They do not provide any measurement of search quality, that is the job of a Case.

The Key Differences and Why They Matter

Ratings vs Judgements

This is the big philosophical difference. Cases use Ratings - quick, single value assessment meant for rapid iteration. Books use Judgements - thoughtful, often collaborative evaluations meant for creating gold standard datasets.

We bring these two worlds together by linking a Case to a Book. As judging happens in the Book, the various Judgements are aggregated into a single Rating to be used in a Case. Learn more on the How Judgements are Averaged into a Rating in a Case.

Scale

Books have configurable scales (like 0-3 or 0-1) with detailed scoring guidelines built right in. Cases also have a scale that is tied to the specific Scorer that is being used. If your Book has 0-3 graded scale, and your Case has a binary Scorer like Precision, then the Case automatically maps the graded scale to a binary one.

Data Flow

The integration is brilliant - you can populate a Book from a Case (capturing live search results), collect Judgements from multiple people offline, then refresh that data back into a Case to continue live experimentation as Jdugements flow in. You do need to manually reload the Case screen to see the new aggregated Rating data. Likewise, if you DO create a Rating in the Case, it is recorded as Judgement by you for the corresponding Query Doc Pair in the Book.

Collaboration

Cases are more individual-focused (though they can be shared via Teams) with the intended audience being Search Relevance Engineers, while Books are designed from the ground up for collaborative evaluation with multiple Subject Matter Experts.

Data Models Summary

Workflow Integration

The typical workflow shows the power of both systems working together:

  1. Development Phase: Use a Case to experiment with search configurations, tune parameters, and get quick feedback through live search results
  2. Evaluation Phase: Populate a Book from the Case to capture a snapshot of results for systematic evaluation
  3. Judgment Collection: Multiple users provide Judgements on the standardized dataset in the Book
  4. Integration Phase: Refresh the Book data back into Cases to continue development with improved baseline Ratings

Can I use them Individually?

Of course! For many small relevance investigations, you don't need a Book. A Case with 6 or 8 Queries is enough that you quickly rate yourself to investigate a problem.

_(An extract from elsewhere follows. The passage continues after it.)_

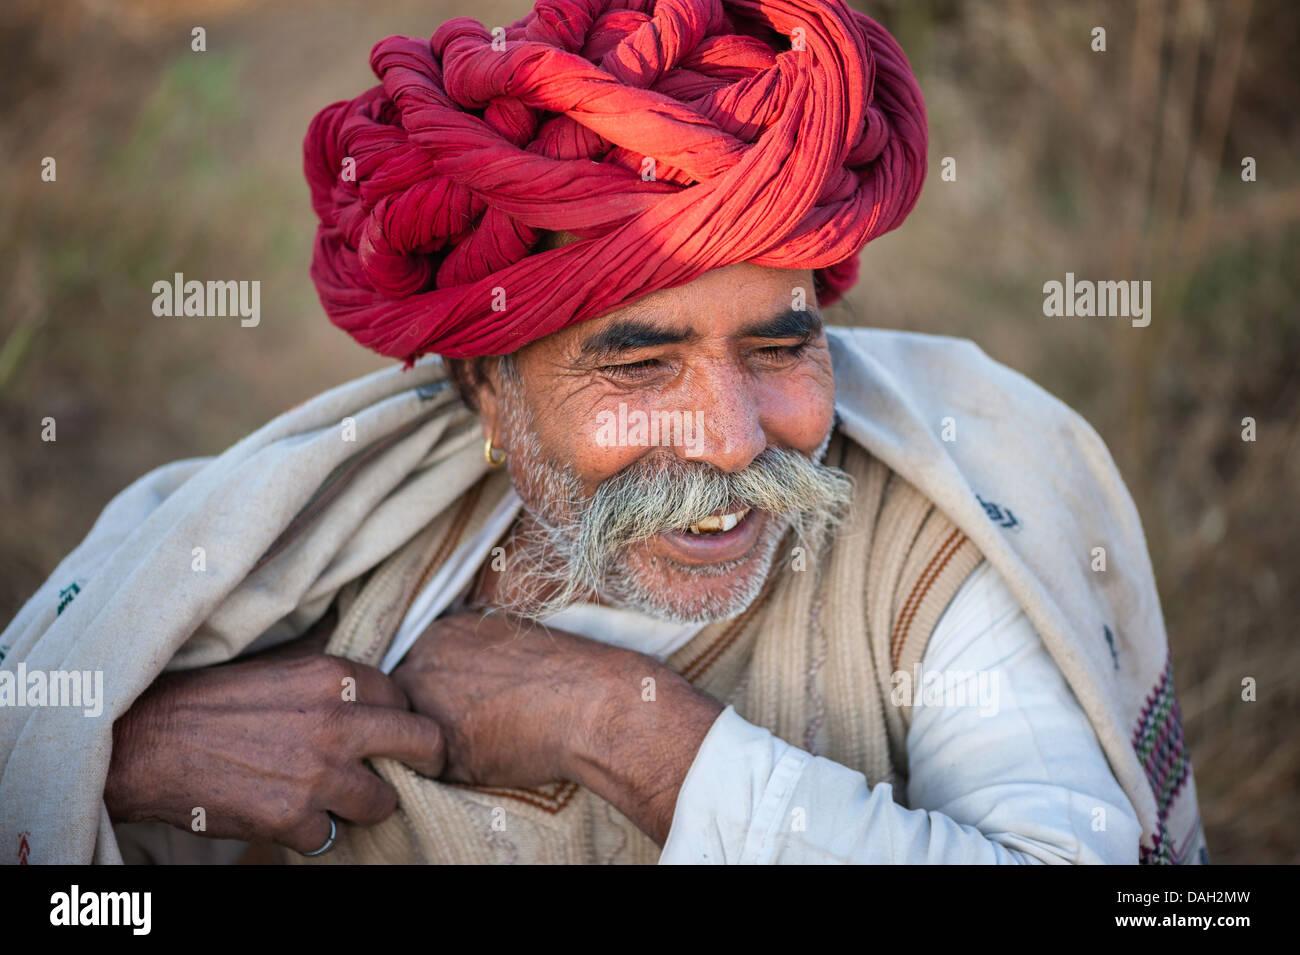 Rajput uomo trades cammelli a Pushkar presso il festival annuale, Rajasthan, India. Immagini Stock

Likewise, you may find that you want to source your raw data for evaluation from a different system and import that to your Book. Book's have complete API's that let you manage a book or import the Query Doc Pairs yourself for evaluation. You can also export the data for use in non Quepid evaluation systems.

Summary

It's really a perfect example of designing different tools for different jobs - Cases for the rapid iteration and experimentation phase of search development, and Books for the rigorous evaluation and benchmarking phase. The fact that data flows seamlessly between them means you get the best of both worlds!